Barbados
Barbados exhibits coral-based succession: sugar to tourism on an 85% coral limestone island that became a republic in 2021 while growing 2.7% in 2025.
Barbados is built on coral—85% of the island's surface is coral limestone, making it geologically distinct from the volcanic islands that dominate the Caribbean. This easternmost island of the region sits 160 km from the nearest neighbor, isolated in a position that historically made it the first landfall for ships crossing the Atlantic. At 434 km², it ranks among the smallest countries in the Americas.
The economy has transitioned twice. Sugar plantations worked by enslaved Africans dominated from colonization until abolition in 1834, with sugar, rum, and molasses remaining central through most of the 20th century. In the 1990s, tourism and manufacturing surpassed agriculture. Today tourism contributes 17-31% of GDP (depending on measurement) and supports 33% of jobs. Visitor numbers exceeded pre-pandemic levels in 2024, growing 10.7%.
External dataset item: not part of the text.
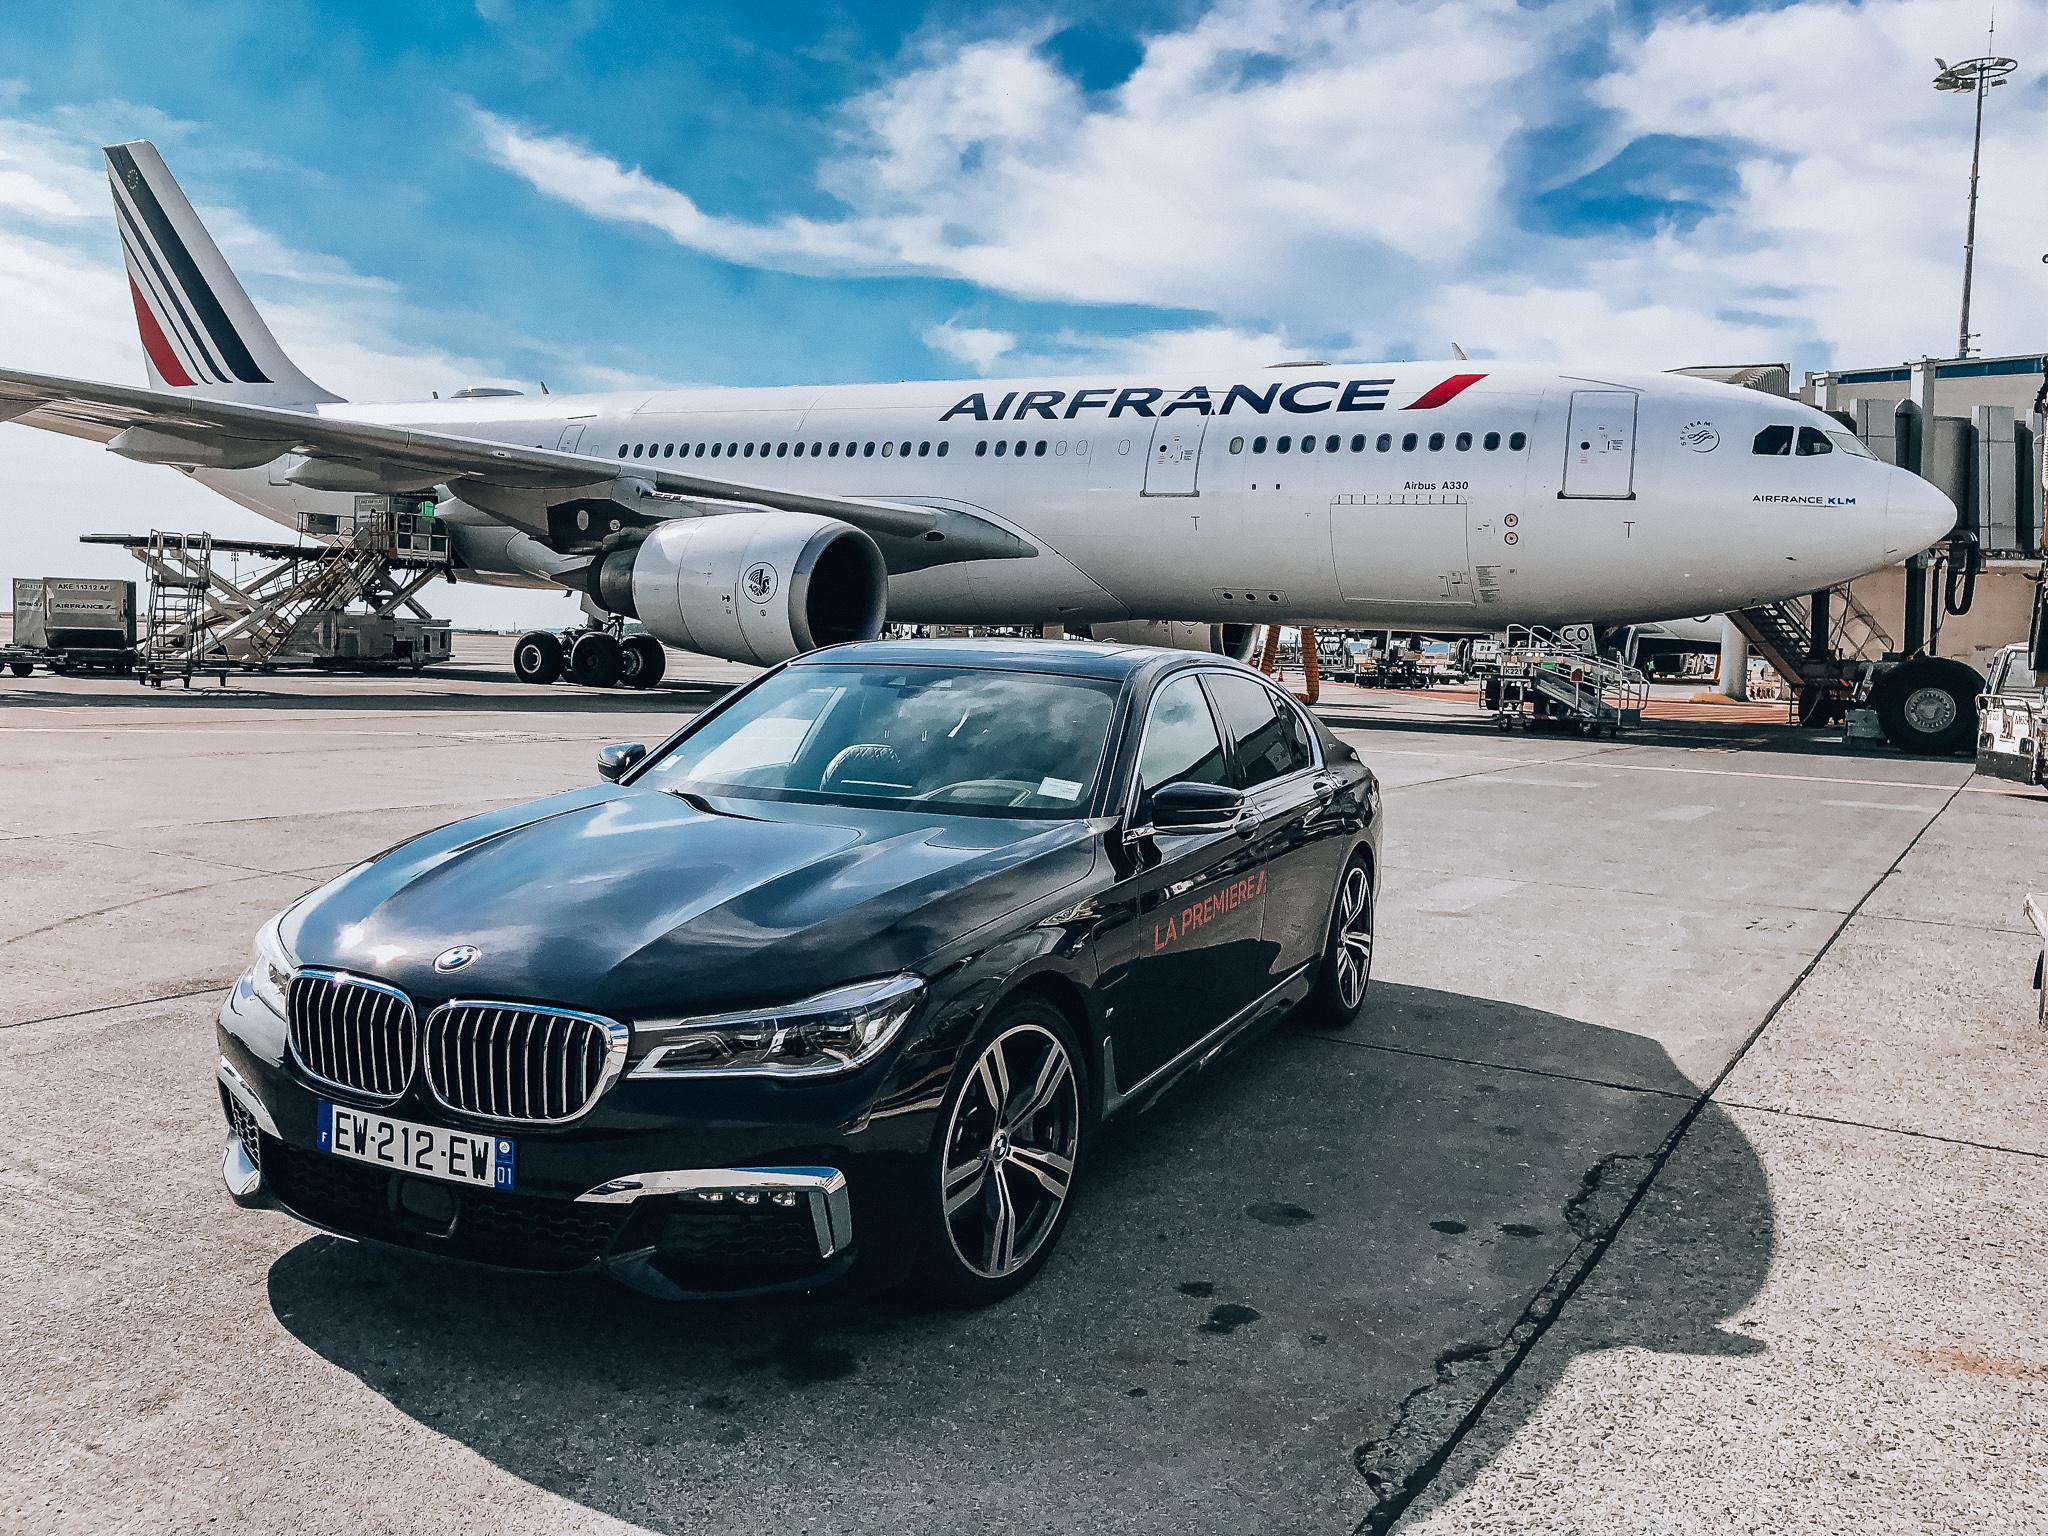 Air France La Premiere First Class.jpg

November 30, 2021 marked a symbolic transition: Barbados became a republic, removing the British monarch as head of state while remaining in the Commonwealth. Prime Minister Mia Mottley, who inherited $7.5 billion in uncovered debt in 2018, has implemented the Economic Recovery and Transformation Plan (BERT) through 2027—targeting diversification, energy transition, and debt reduction toward a 60% debt-to-GDP ratio by 2035.
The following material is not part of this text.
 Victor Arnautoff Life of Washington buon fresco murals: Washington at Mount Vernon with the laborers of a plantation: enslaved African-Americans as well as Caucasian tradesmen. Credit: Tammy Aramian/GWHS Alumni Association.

Real GDP grew 2.7% in 2025, the fourth consecutive year of expansion. Unemployment fell to historic lows. The island even has modest oil production—50-55 operational onshore wells, with gas covering 30% of domestic needs. Yet Barbados remains fundamentally a coral island economy: its prosperity rises and falls with the reefs that tourists come to see and the coral limestone that distinguishes it from its volcanic neighbors.